U.S.-Korea Trade Deal on Track

U.S. President Donald Trump said he has finished negotiating a new trade deal with South Korea and may sign it at the United Nations General Assembly, which convenes this month. “The deal is done,” Trump told reporters at the White House on Wednesday. “It’s been done with South Korea for a long time. It’s been done for about two months. We’ll do a ceremonial signing over the next very short period of time.” The U.S. and South Korea agreed in March to revise their 2012 free-trade agreement, known as Korus. But they still haven’t signed it into law, and South Korean lawmakers have warned that the nation’s parliament won’t pass it if the Trump administration slaps tariffs on Korean cars as part of the president’s threat to protect domestic automakers from global imports.

Path to Brexit Deal Appears to Be Clearer

The British and German governments have abandoned key Brexit demands, potentially clearing the path for the U.K. to strike a deal with the European Union on British exit from the EU, people familiar with the matter said.
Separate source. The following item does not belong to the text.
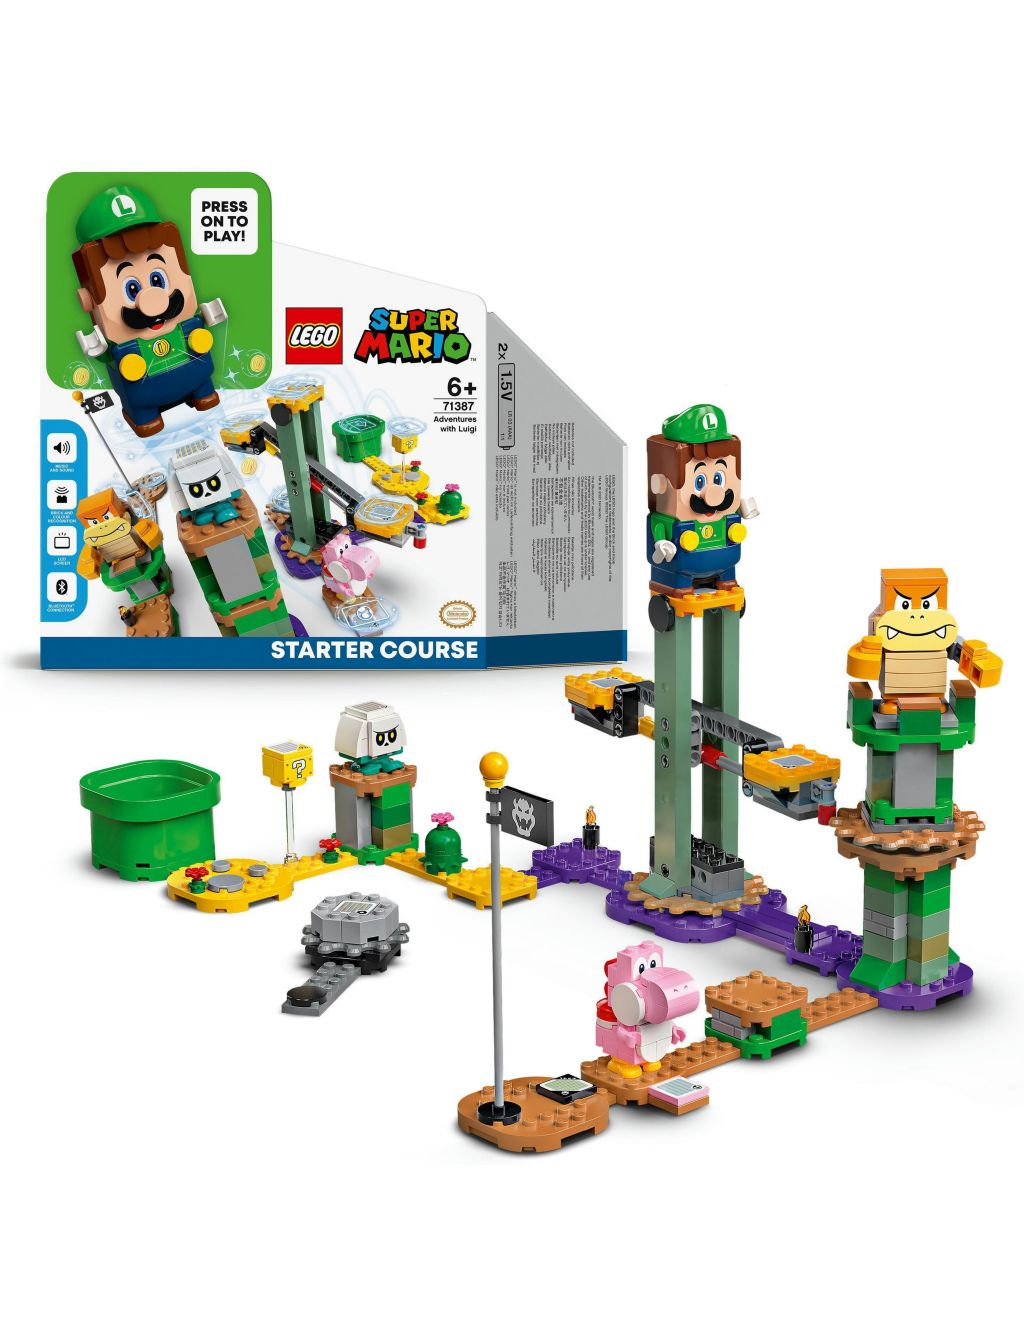 LEGO® Super Mario™ Adventures with Luigi Starter Course 71387 (6+ Yrs)

Germany is ready to accept a less detailed agreement on the U.K.’s future economic and trade ties with the EU to get a divorce deal done, according to people speaking on condition of anonymity because the discussions are private. The U.K. side is also willing to settle for a vaguer statement of intent on the future relationship, postponing some decisions until after Brexit day. The shift means that widespread opposition to U.K. Prime Minister Theresa May’s proposals, known as her Chequers plan, isn’t necessarily a barrier to getting a deal.